В тот день к Зигмунду должна была приехать старшая дочь; он пригласил ее погостить здесь, и она согласилась. Когда мы вернулись, Мария, так звали девушку, уже была там. Но кроме нее, в доме находилась и еще одна незнакомка – внушительного объема женщина, встретившая меня вопросом: «Вы – болгарин?» Четыре дипломницы из Копенгагена, говорила она скороговоркой, помните их, не правда ли? Три норвежки и одна датчанка – я прихожусь ей тетей… (Она прижала меня в углу своим грузным телом, не давая возможности пошевельнуться, отодвинуться. Ее напористость была непонятна. Оказалось, девушки много рассказывали обо мне, особенно Торил… Звали тетушку Туве.)

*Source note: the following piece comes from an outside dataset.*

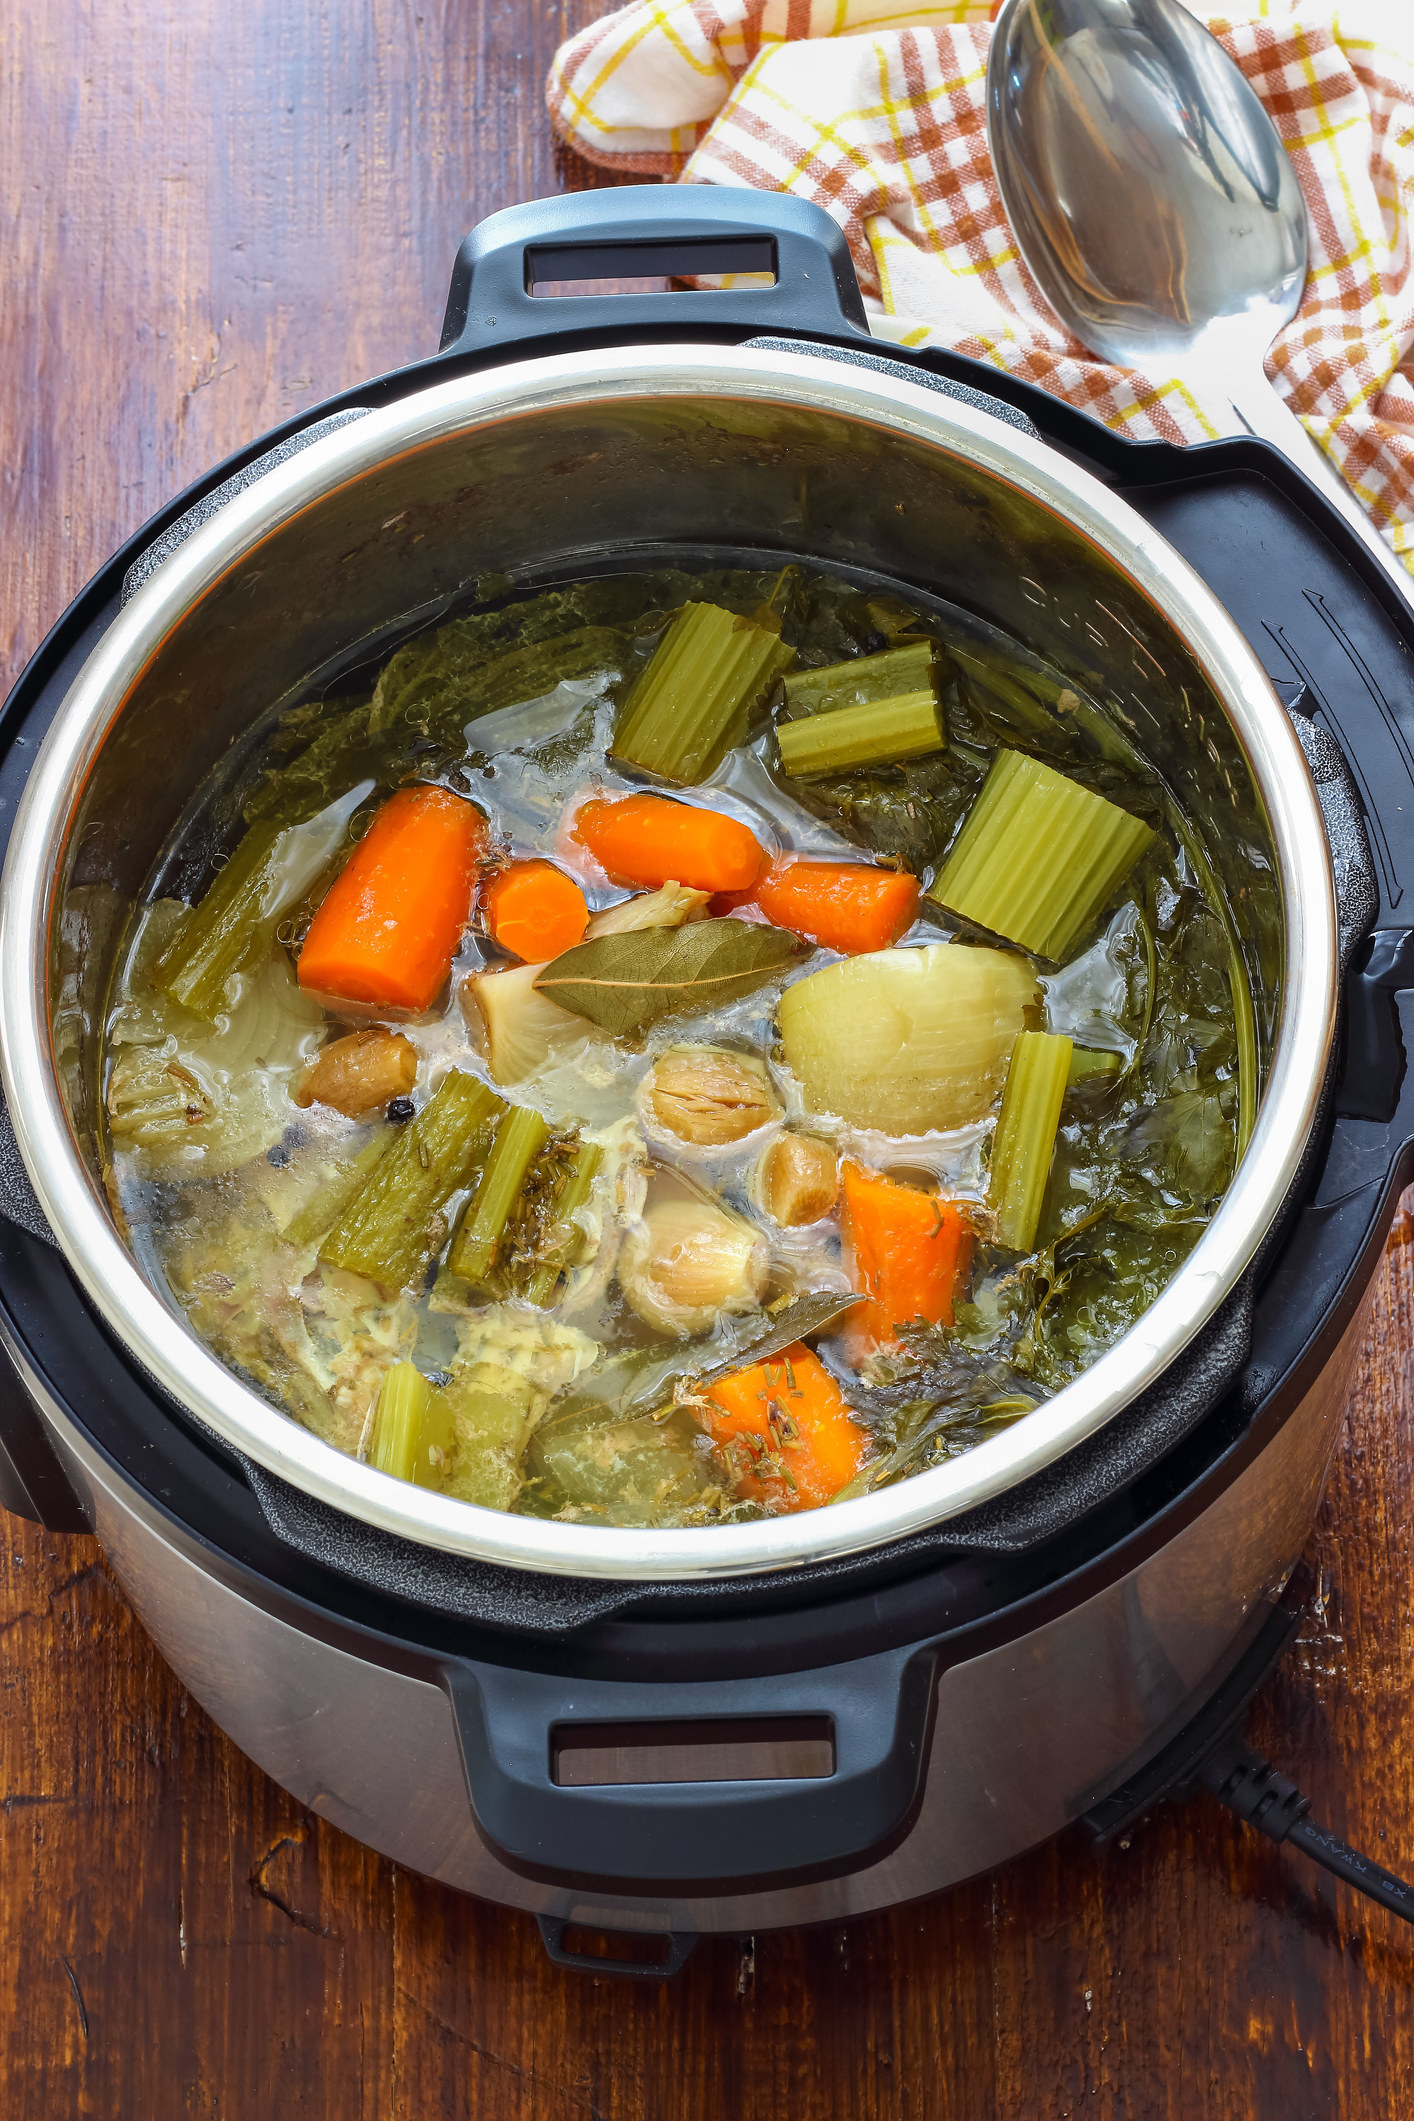 How To Use That Instant Pot You Just Got

Тут подошел Зигмунд с дочерью, и Туве отступила на шаг назад. Мария, хрупкое и нежное создание, казалось, относилась к некой исчезающей породе. Наши руки задержались на мгновенье одна в другой, и я поблагодарил судьбу, пославшую ее нам только теперь, после всего пережитого, незадолго до того, как я решил уехать.
77.
Стоя на своем обычном месте, Альма знала: что бы она ни сказала – несколько сотен слов, а может, и несколько тысяч, все это, по сути, будет повторением одного и того же: «Питер, Питер…» За исключением союзов. Так и потечет ее речь: «а Питер, и Питер, но Питер…» В тот день боль от того, что кроткий соотечественник ее отверг, усилилась от дерзости Рене. Рано утром та ворвалась в кухню одновременно с нею, с Альмой, чтобы сказать, как она глубоко обижена и не понимает, чем заслужила ежедневные издевательства… И это Рене, которая спала с Берти, а возможно, и с Петером, к которой приезжали какие-то столичные ловеласы? Альме хотелось запустить в нее связкой бананов, которые были под рукой. Какая бестактность со стороны новой служанки! Не связана ли терпимость к ее аморальному поведению в этом доме со щедростью, проявленной и к Питеру? Теперешняя ее неблагодарность стала как бы продолжением его… всеобщей неблагодарности по отношению к ней, по отношению к Альме… Однако одна мелочь (вода лилась ей на руки, и они замерзли) случайно отрезвила ее, и она отнеслась ко всему с внезапной кротостью: «Я растворилась в Питере». Отождествляя себя с ним, скорбя о нем и забывая о том, что только что обвиняла его в неблагодарности, она просто замолчала – на секунду-другую. (Смелость Рене стала таять, хрящик ее курносого носа все отчетливее проступал под кожей…) Расслабившись в снизошедшем на нее смирении, Альма разжала пальцы: бананы полетели в кастрюлю с водой, обрызгав ее. Альму залила внезапная волна жалости к Рене и Пиа, к Петеру и Зигмунду, ко всем. Они умрут раньше нее, да, они умрут раньше нее (как произошло со столькими другими). Не нашелся еще такой человек, который пережил бы ее.